By on August 24, 2015

Jaguar-F-Type-V6S-11

Earlier this year, I got a weekend job doing what I always thought was a dream job — driving brand new cars around; almost all makes and models.

It turns out that even a “dream job” can quickly turn into “Oh great, I have to go to work again”. But forget that. The cool part is still cool and I still get to drive brand new VWs, Audis, BMW’s, Porsches, Hondas, everything. Everything except Cadillacs. I don’t think I’ve driven a new Caddy yet. That part is great!

There’s one catch to this job of mine. I have to stick to a speed limit. “Who doesn’t?” you may ask. Well, this speed limit is a little lower than most. I’m stuck doing 15 miles per hour. 15 mph. Oh, and no radio and rarely A/C.

Here’s what I’ve noticed: Driving slowly gives you a chance to learn the vehicle more. How’s the ride? How’s the interior? When you’re in traffic or on a back road, you’re busy worrying about deer, the guy on his cell phone, and what the road is doing ahead of you. I’m not worried about those things. It’s just me and the car. So what I’m trying out here is a unique spin on the car review. You’re not going to get handling at the limit. You’re not going to get maximum acceleration. You’re going to get what I notice while driving 2-5 miles at 15 miles per hour — a Slo-Mo Review.

Let’s start with a good one. The Jaguar F-TYPE V6.

I’m getting in the F-TYPE because the guy in front of me couldn’t get the door open. It’s simple. You push on the dimple, the handle pops out, you open the door, and get in. Move the seat all the way back, all the way down. The seat controls are on the door. I always like that because I can move the seat without getting in or bending over.

I can fit in this car. It’s low and I’m tall so sometimes it’s a bit of a squeeze. Nice inside; leather everywhere. Everything seems bolted together tightly. The door panel doesn’t move when I rest my knee on it. That’s surprisingly rare.

Ok, push the start button. Whoa! The supercharged V-6 sounds amazing, and it blips the throttle when you start it. Sounds amazing — enough to get a stare from the boss every single time. Sorry boss, it’s not me, it’s the car! Ok, the revs settle down — and what the hell is that? The vents are RISING UP OUT OF THE DASH! SWEET! You know what? That’s fascinating. I’m gonna turn it off and back on just to hear the engine and watch the vents. Did I do that four times? Maybe. What are you going to do about it? You’d do the same. Vents go up! Vents go down.

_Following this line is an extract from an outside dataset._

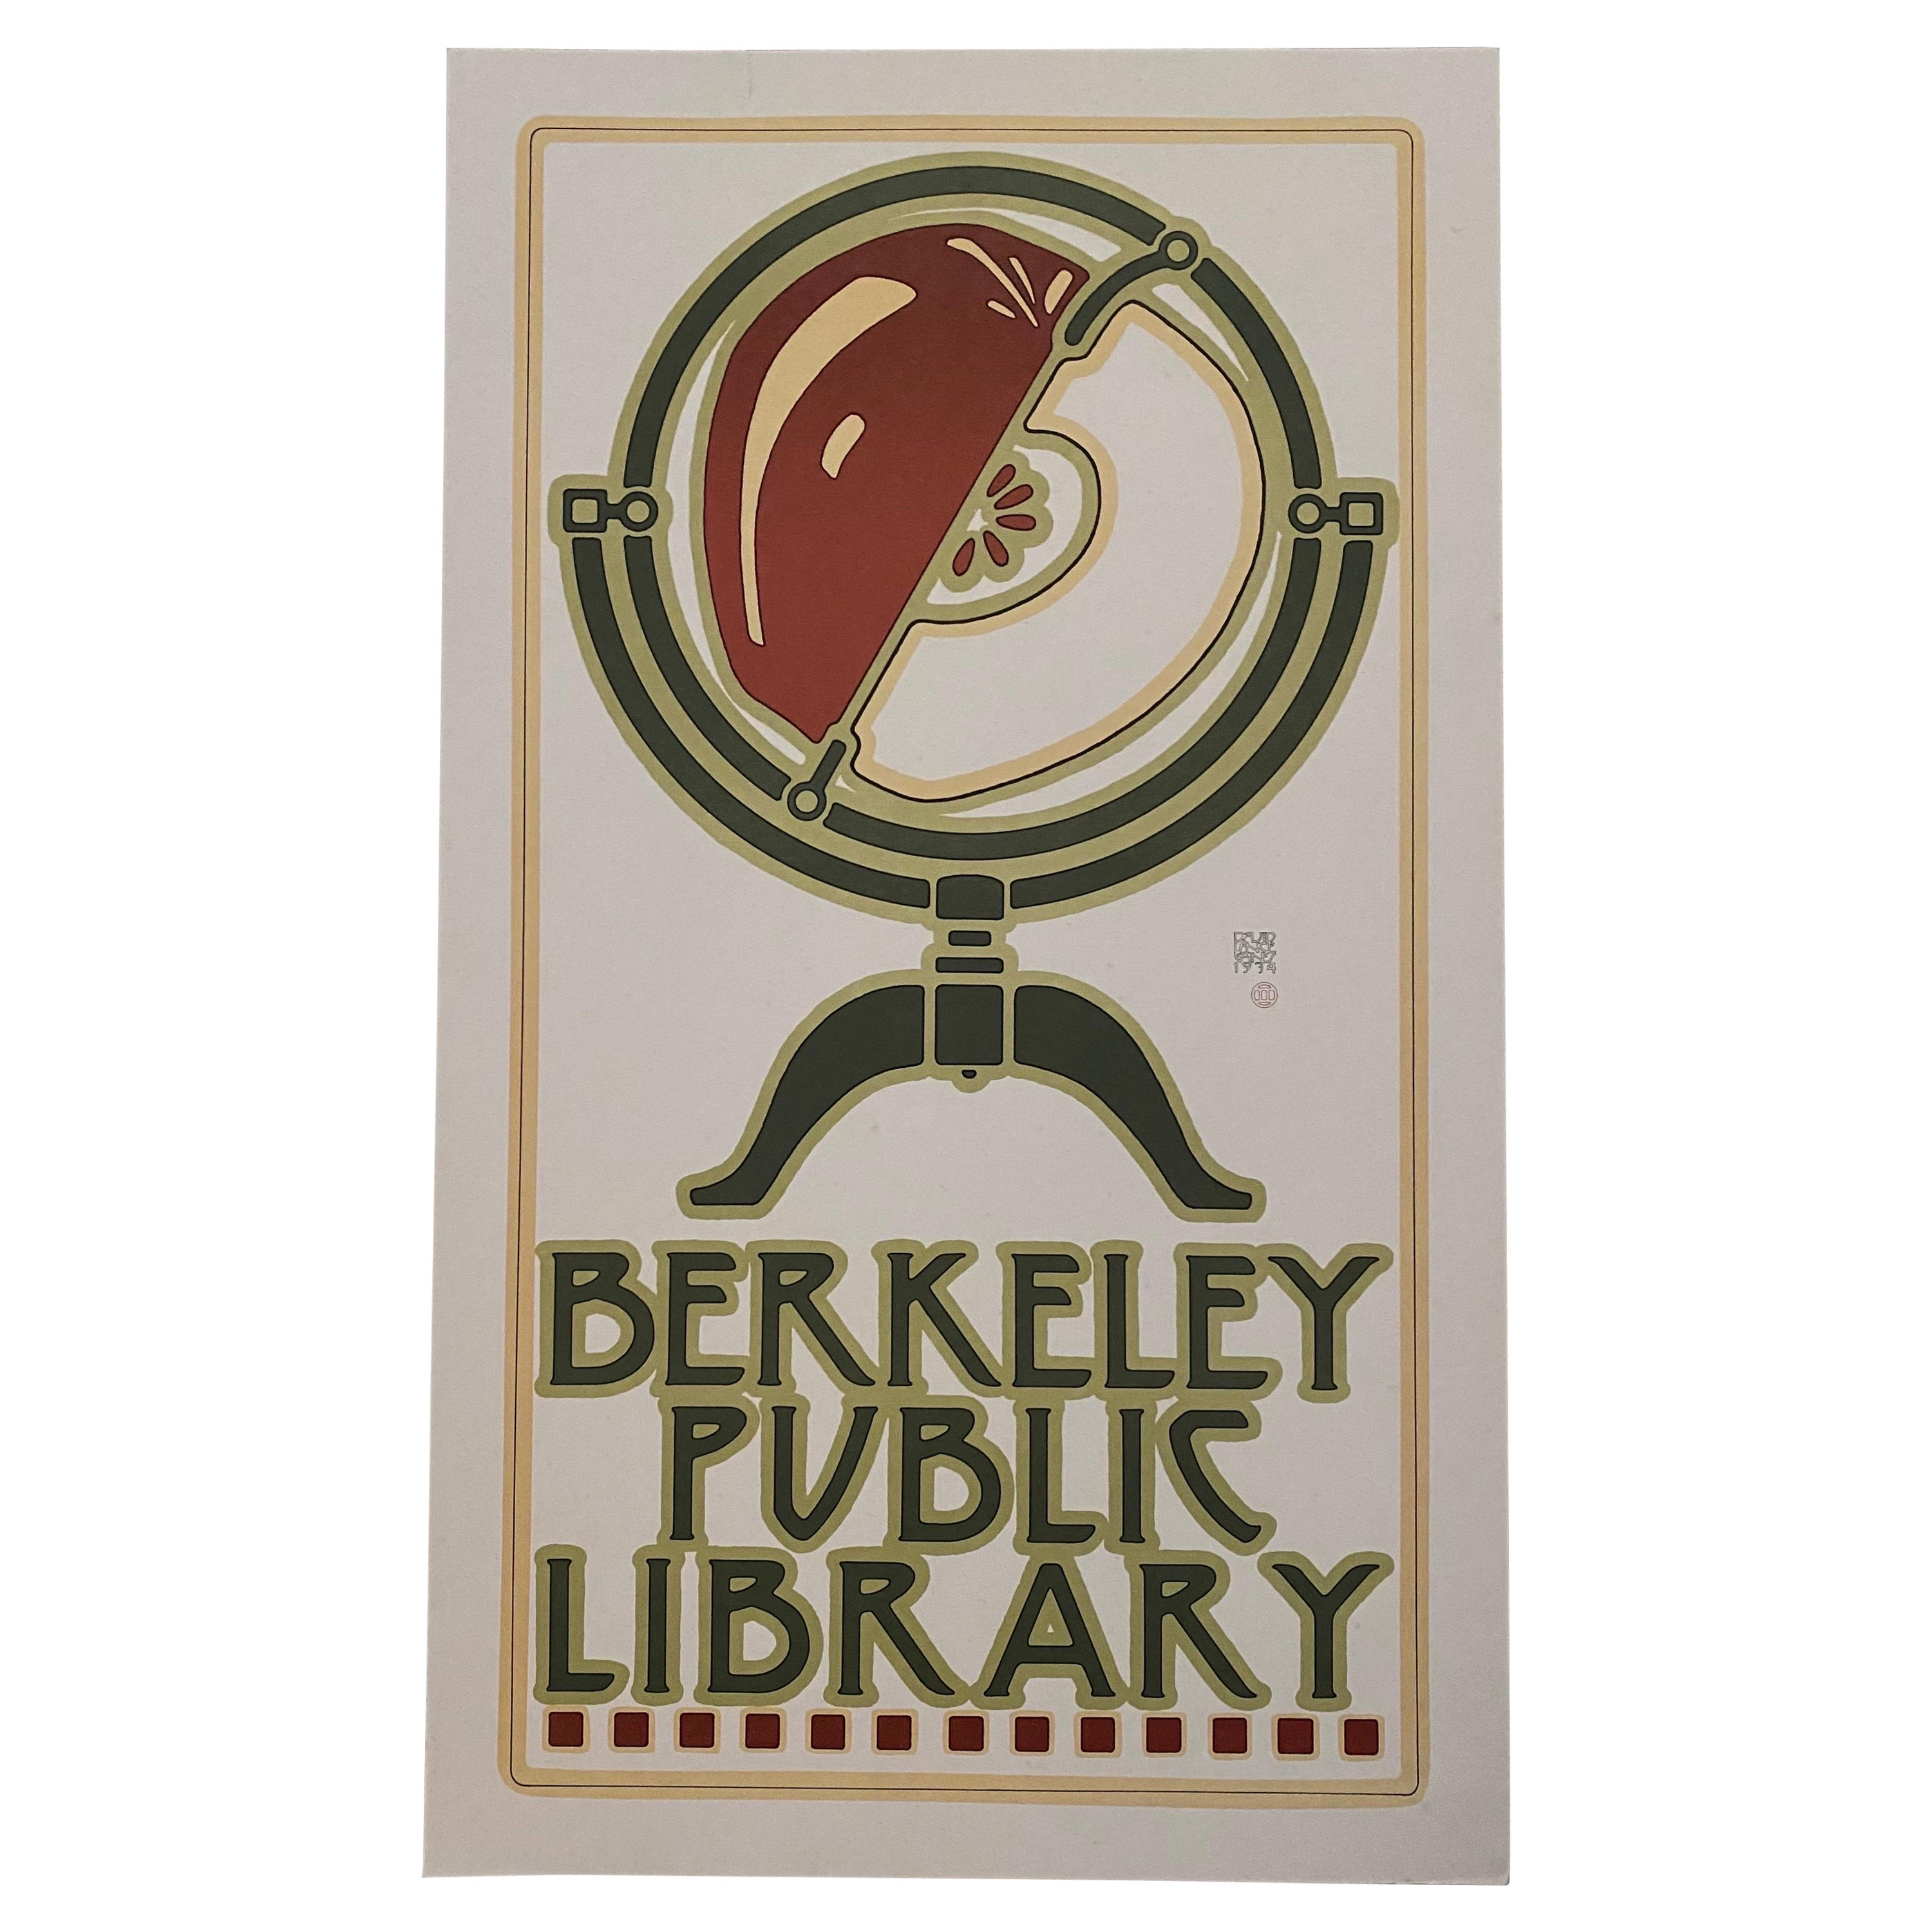 1977 David Lance Goines "Berkeley Public Library" Lithograph For Sale

Pull away and everything feels good. No twitchy throttle. No grabby brakes. This is a bumpy lot, but the car’s not rattling or squeaking. Sure, it’s brand new, but that doesn’t mean anything. The Jag rides well for a sports car. It’s understeering at a snail’s pace, but suspension blocks will do that. Don’t worry, they take those out. I’m just gonna keep blipping the throttle and listening to the engine. I’ve heard the F-TYPE is one of the loudest new cars. Based on 1/8th throttle and 2000 rpm, I believe it.

The Jaguar F-TYPE is great in a parking lot. Great for a while anyway. Wonder how long before those pop-up vents start to act like pop-up headlights? It’s a Jag. I’m sure it’ll be fine — right? Yeah, the Jag is great, but lots of cars are terrible.

Stay tuned and you’ll get more greats, and more monstrosities. Like how 1 in 4 A3’s I’ve driven had the steering wheel offset about 1 inch to the left. How does that even happen?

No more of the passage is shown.